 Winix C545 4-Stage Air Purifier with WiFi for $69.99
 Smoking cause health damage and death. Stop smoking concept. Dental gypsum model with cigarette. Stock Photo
_ _ _ _ _ _ _
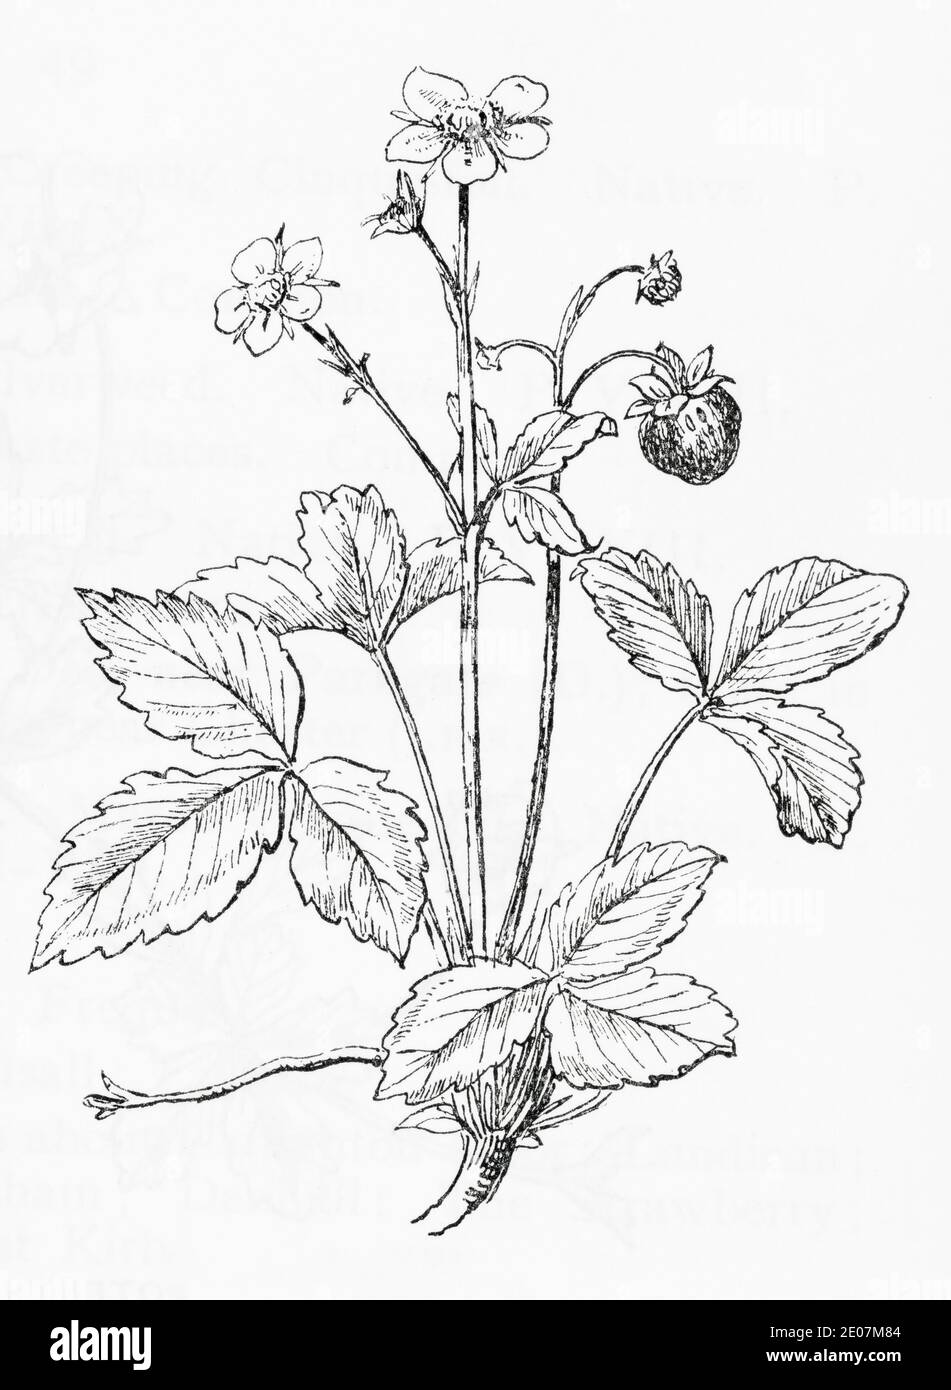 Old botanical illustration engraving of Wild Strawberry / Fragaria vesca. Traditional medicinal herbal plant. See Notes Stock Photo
_ _ _ _ _ _ _
Go through the records above and, whenever a line includes the word "with", copy it.

- [RESPONSE TO THIS EXERCISE]:
 Winix C545 4-Stage Air Purifier with WiFi for $69.99
 Smoking cause health damage and death. Stop smoking concept. Dental gypsum model with cigarette. Stock Photo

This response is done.